US 11,810,649 B2
Methods for identifying novel gene editing elements
Feng Zhang, Cambridge, MA (US); and David Arthur Scott, Cambridge, MA (US)
Assigned to THE BROAD INSTITUTE, INC., Cambridge, MA (US); and MASSACHUSETTS INSTITUTE OF TECHNOLOGY, Cambridge, MA (US)
Filed by THE BROAD INSTITUTE, INC., Cambridge, MA (US); and MASSACHUSETTS INSTITUTE OF TECHNOLOGY, Cambridge, MA (US)
Filed on Aug. 17, 2017, as Appl. No. 15/679,619.
Claims priority of provisional application 62/376,383, filed on Aug. 17, 2016.
Prior Publication US 2018/0068062 A1, Mar. 8, 2018
Int. Cl. G16B 40/00 (2019.01); G16B 20/00 (2019.01); G16B 20/50 (2019.01); G16B 40/30 (2019.01); G16B 20/30 (2019.01); G06F 18/20 (2023.01); G06F 18/231 (2023.01); G06F 18/2413 (2023.01); G06N 3/088 (2023.01); G06N 7/01 (2023.01)

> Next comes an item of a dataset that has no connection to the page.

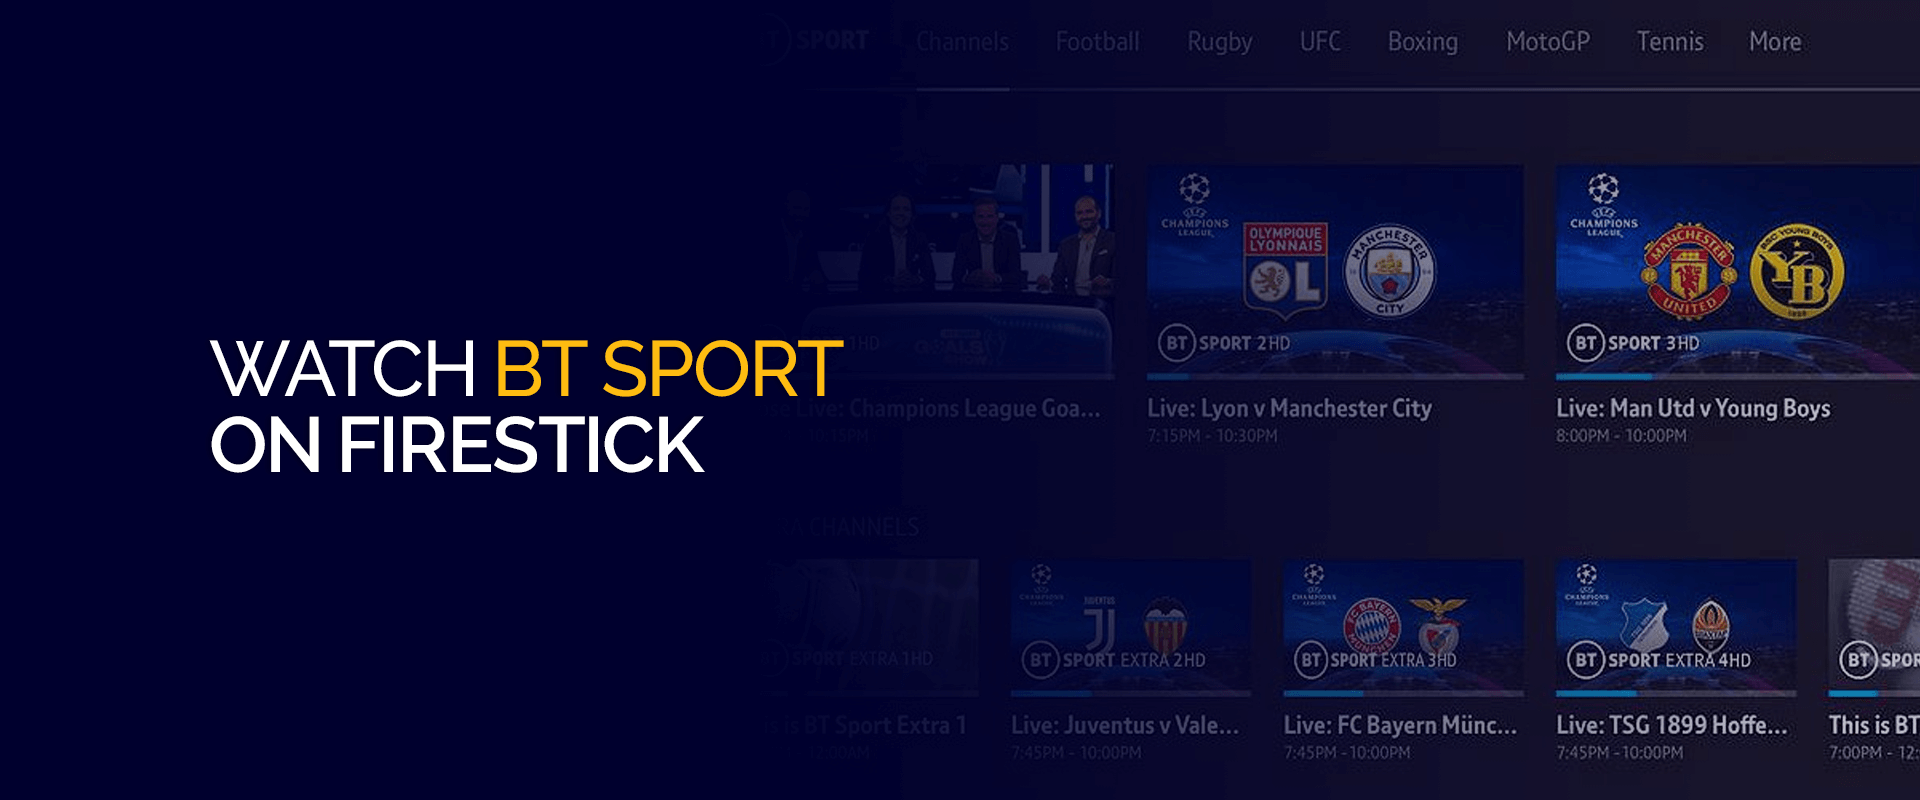 How to watch BT Sport on Firestick

CPC G16B 40/00 (2019.02) [G06F 18/231 (2023.01); G06F 18/2413 (2023.01); G06F 18/295 (2023.01); G16B 20/00 (2019.02); G16B 20/30 (2019.02); G16B 20/50 (2019.02); G16B 40/30 (2019.02); G06N 3/088 (2013.01); G06N 7/01 (2023.01)] 10 Claims
 
1. A method to identify novel CRISPR effector elements, comprising:
training, by a processor, an unsupervised neural network using a set of known CRISPR locus elements that include spacer and repeat elements of the known CRISPR locus, wherein the trained unsupervised neural network comprises hierarchical clustering;
generating, by the processor, and using the training unsupervised neural network, a preliminary set of CRISPR locus classes by separating a set of known CRISPR loci based, at least in part, on a sequence similarity and/or domain similarity between one or more protein elements of the CRISPR loci;
generating, by the processor, a distance matrix data structure based, at least in part, on cumulative similarities between constituent proteins in each CRISPR locus class, wherein the putative CRISPR loci are classified by applying the hierarchical clustering to the distance matrix;
classifying, by the processor, a CRISPR locus using the unsupervised neural network applied to all or a subset of the known CRISPR locus elements as an initial set of inputs; and
identifying, by the processor, putative novel effector elements in the CRISPR locus, and optionally screening each identified putative novel effector element for one or more biological functions.